(Supplied information begins)

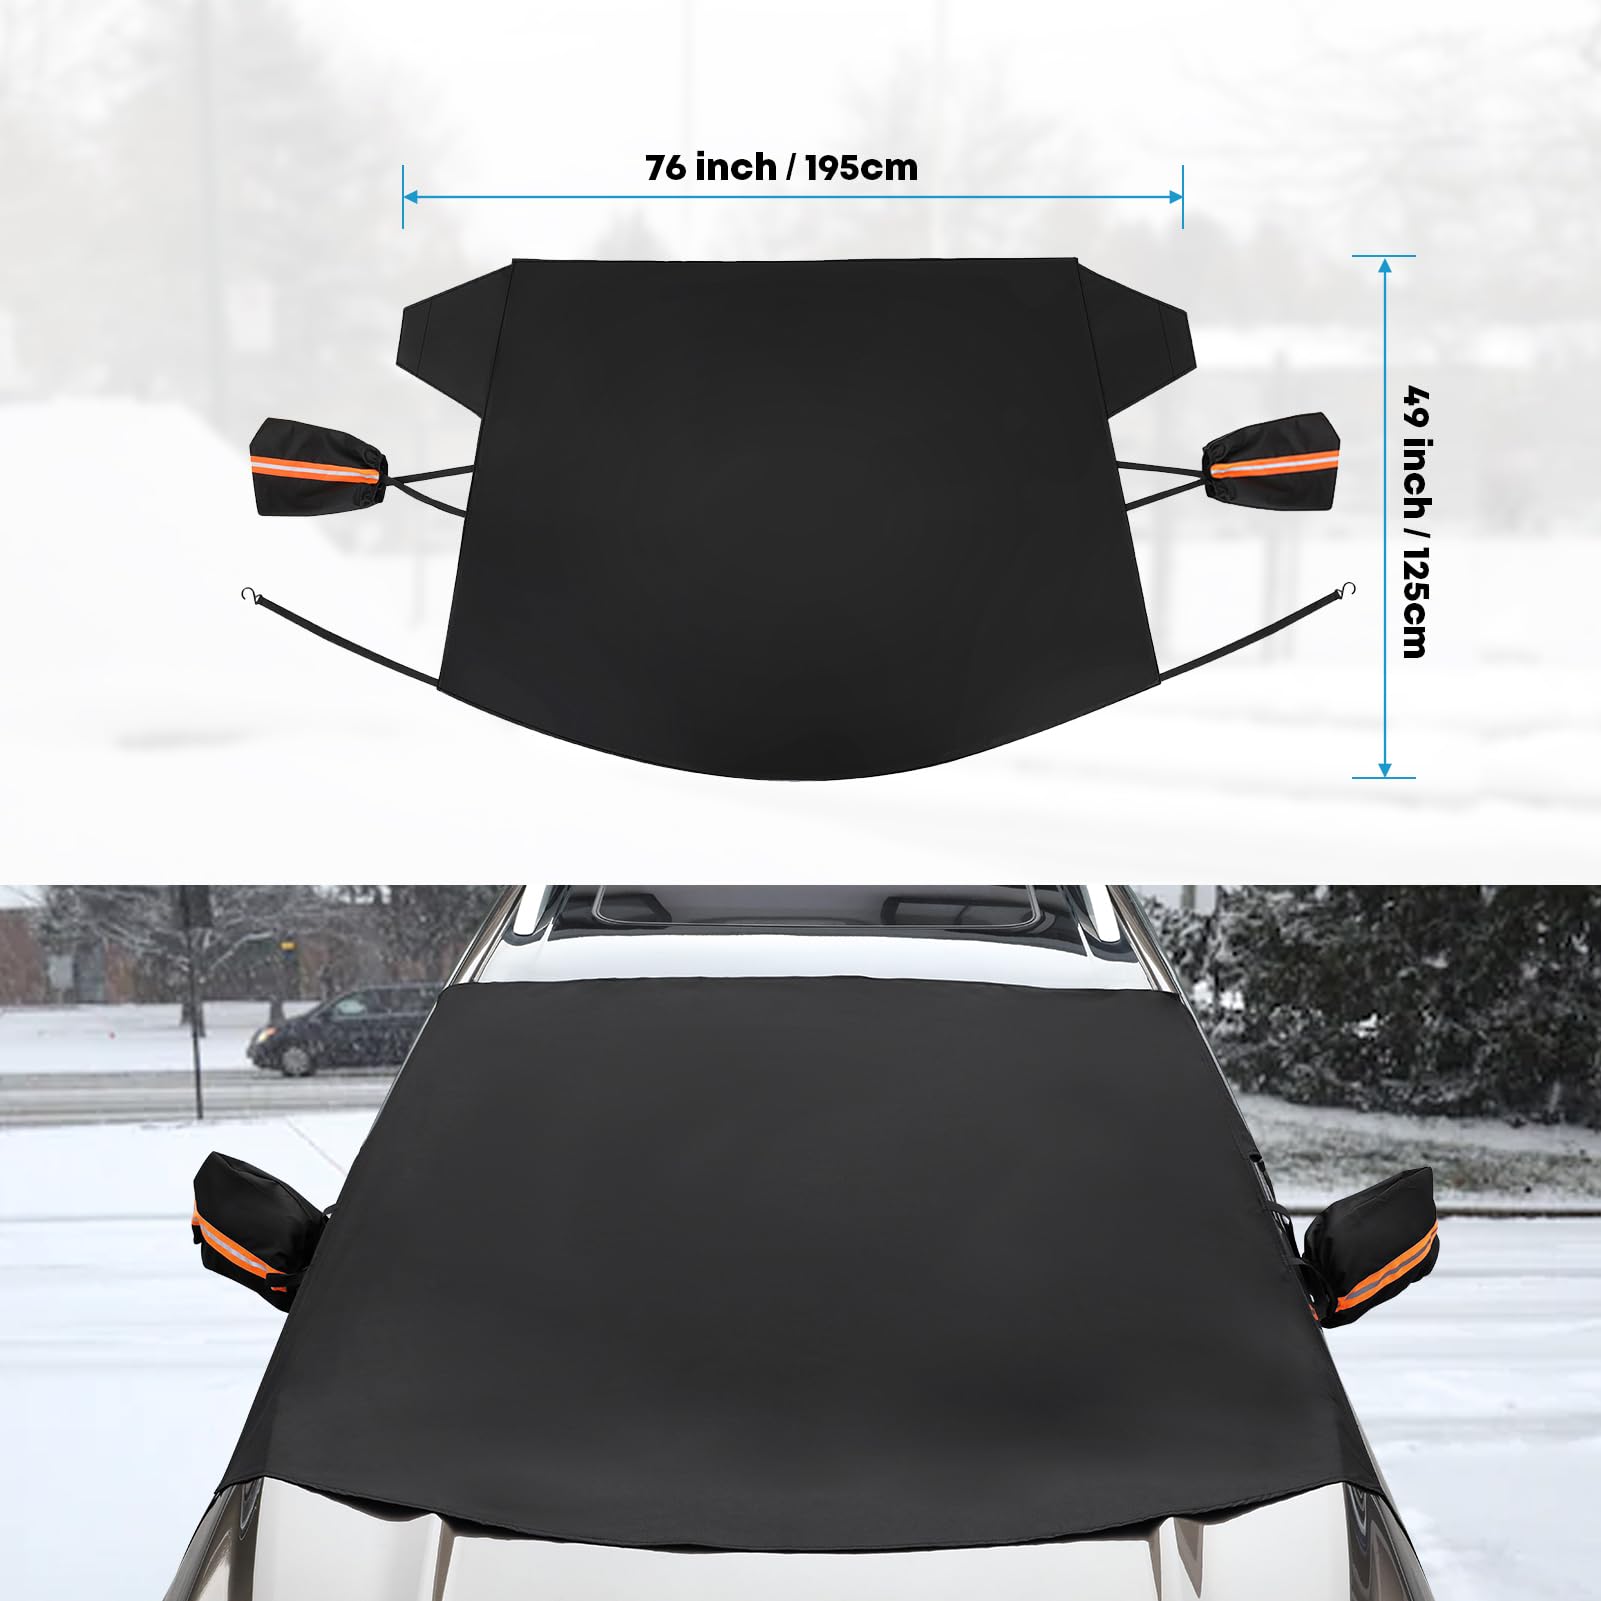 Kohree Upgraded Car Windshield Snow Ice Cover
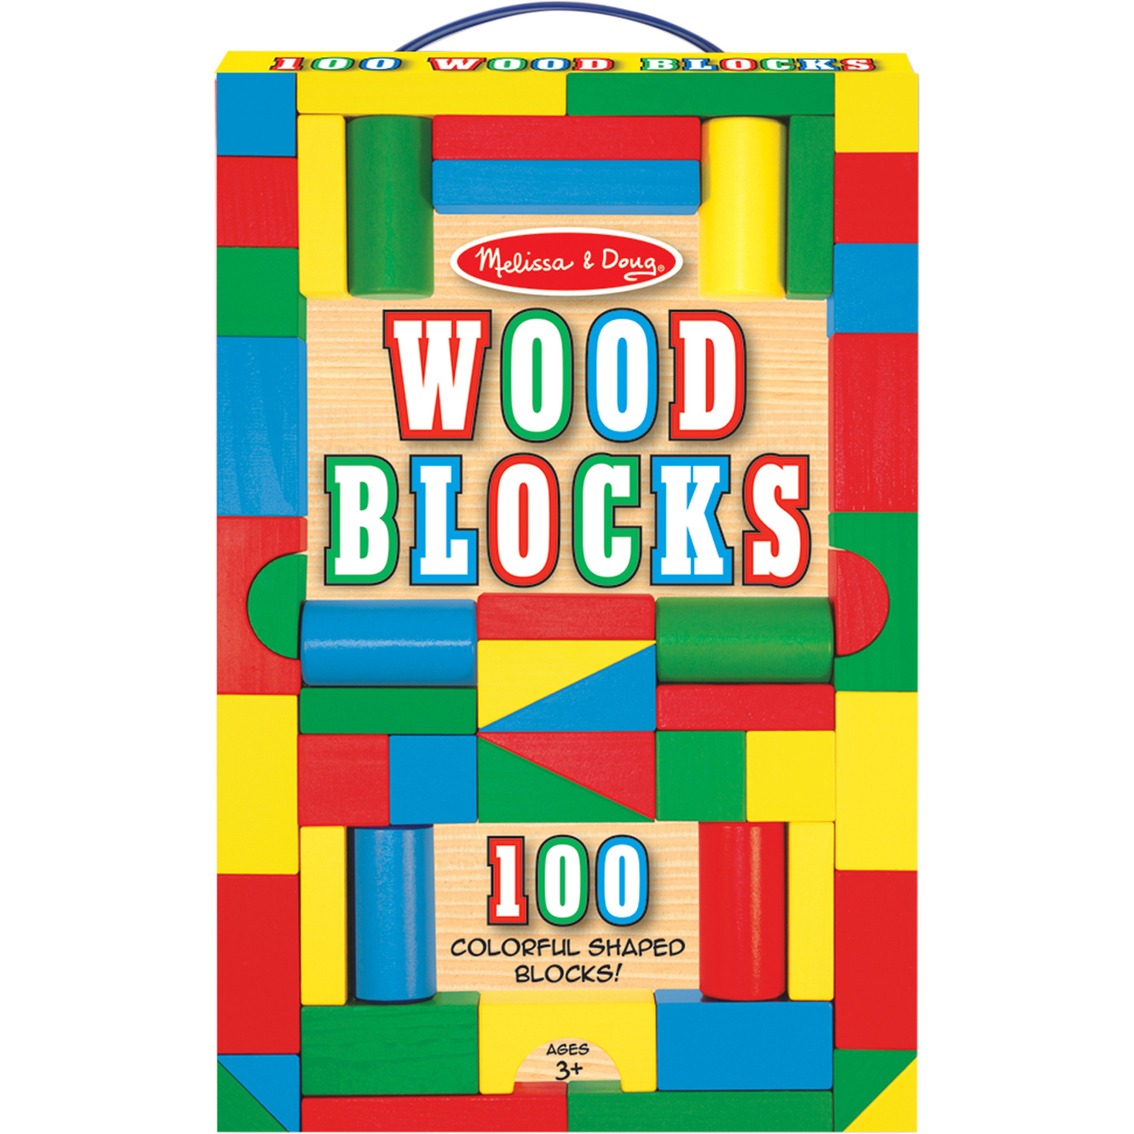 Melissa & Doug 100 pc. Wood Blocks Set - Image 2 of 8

(Supplied information ends)
(Supplied information begins)

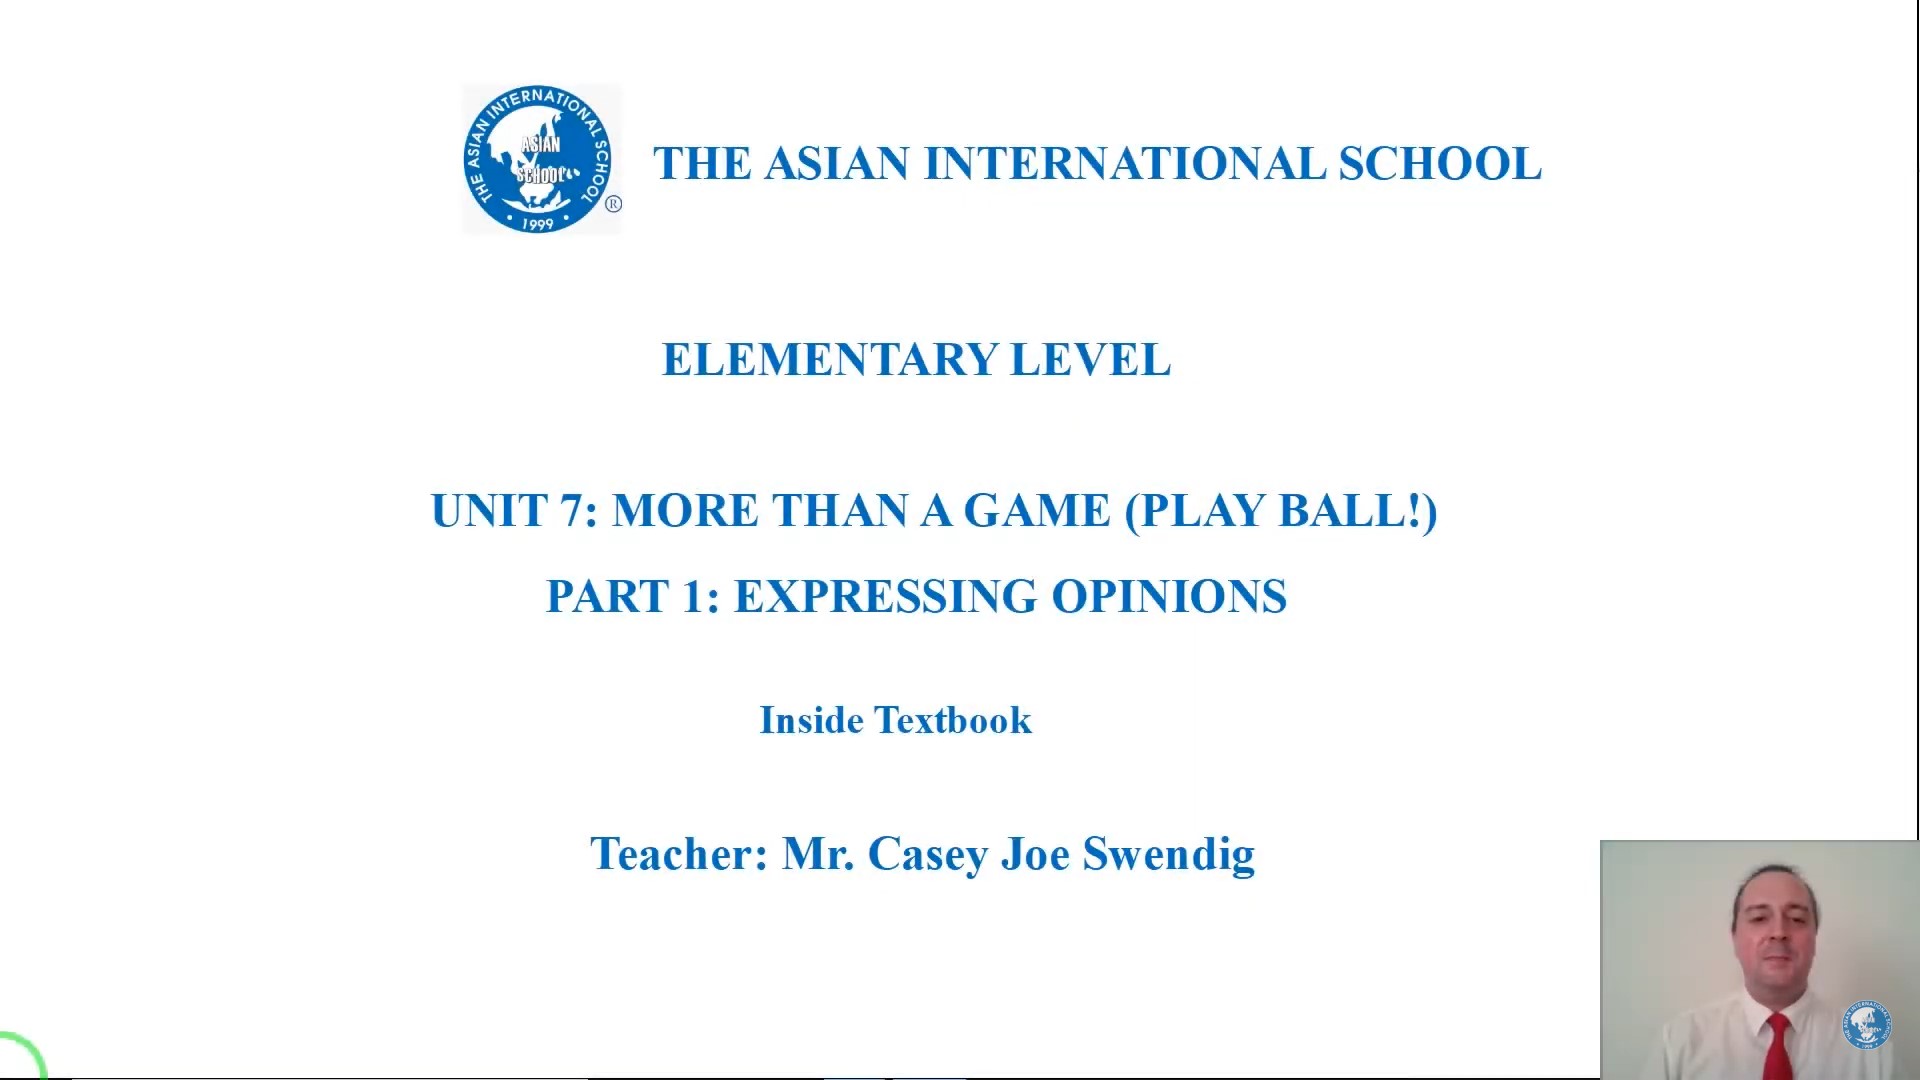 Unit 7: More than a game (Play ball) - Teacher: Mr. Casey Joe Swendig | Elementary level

(Supplied information ends)

In the records above, find the line with "Kohree Upgraded Car". Print exactly from there through the line with "Melissa & Doug", minus the pictures.

 Kohree Upgraded Car Windshield Snow Ice Cover
 Melissa & Doug 100 pc. Wood Blocks Set - Image 2 of 8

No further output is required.